BUTTER RICH CRESCENT ROLLS 
1 pkg. dry yeast
1/4 c. warm water (105 to 115 degrees)
1/4 c. sugar
1 tsp. salt
1/4 c. butter, softened
1 egg, beaten
3/4 c. milk, scalded
3 c. all-purpose flour
Melted butter

Dissolve yeast in warm water in a large bowl. Add sugar, salt, butter, egg, milk and 1 1/2 cups flour; beat at low speed with an electric mixer until smooth. Stir in enough remaining flour to make a soft dough.

Place dough in a greased bowl; turn to grease top. Cover and let rise in a warm place (85 degrees) free from drafts, until doubled in bulk. Punch down dough; turn out onto a lightly floured surface. Divide dough in half; cover one portion.

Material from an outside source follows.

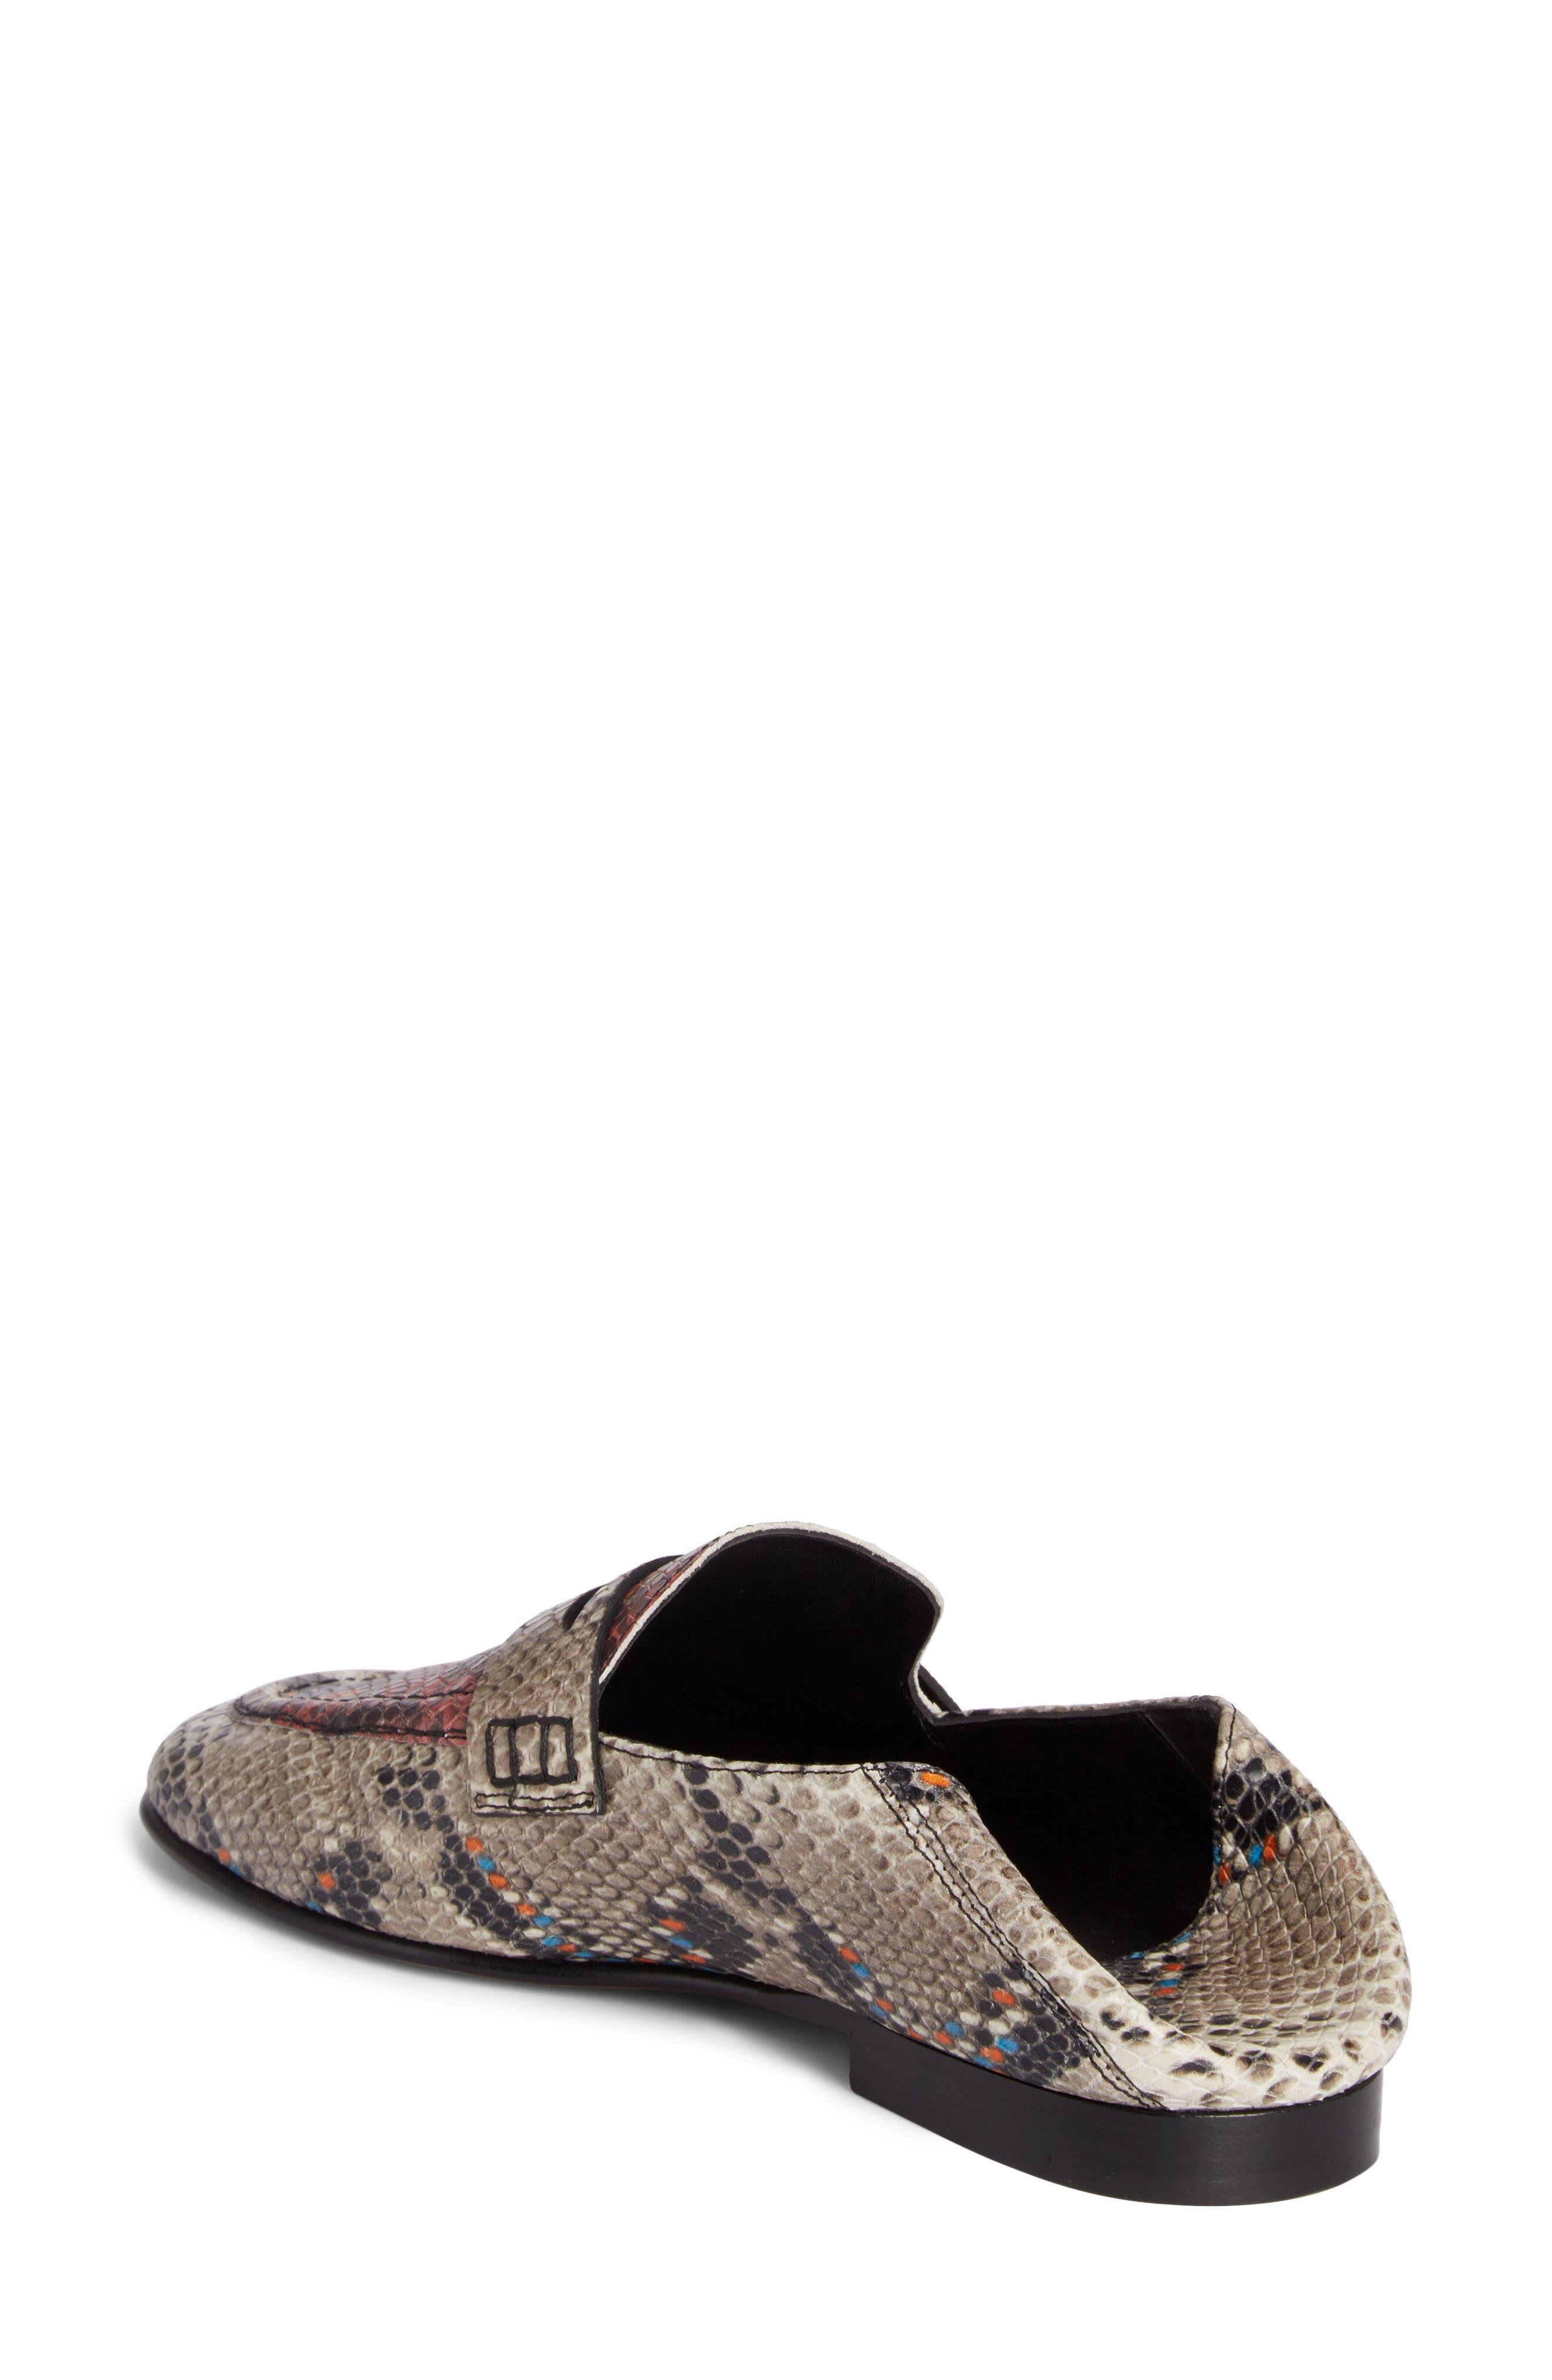 Fezzy Snakeskin Embossed Convertible Loafer,                             Alternate thumbnail 2, color,

Roll remaining half into a 10 inch circle. Cut into 8 wedges; roll each wedge tightly, beginning at wide end. Seal points. Place rolls on a greased baking sheet, point side down; curve into crescent shapes. Repeat procedure with remaining dough.

Cover and let rise in a warm place, free from drafts, 45 minutes or until doubled in bulk. Bake at 400 degrees for 8-10 minutes or until lightly browned. Brush rolls with melted butter. Yield: 16 rolls.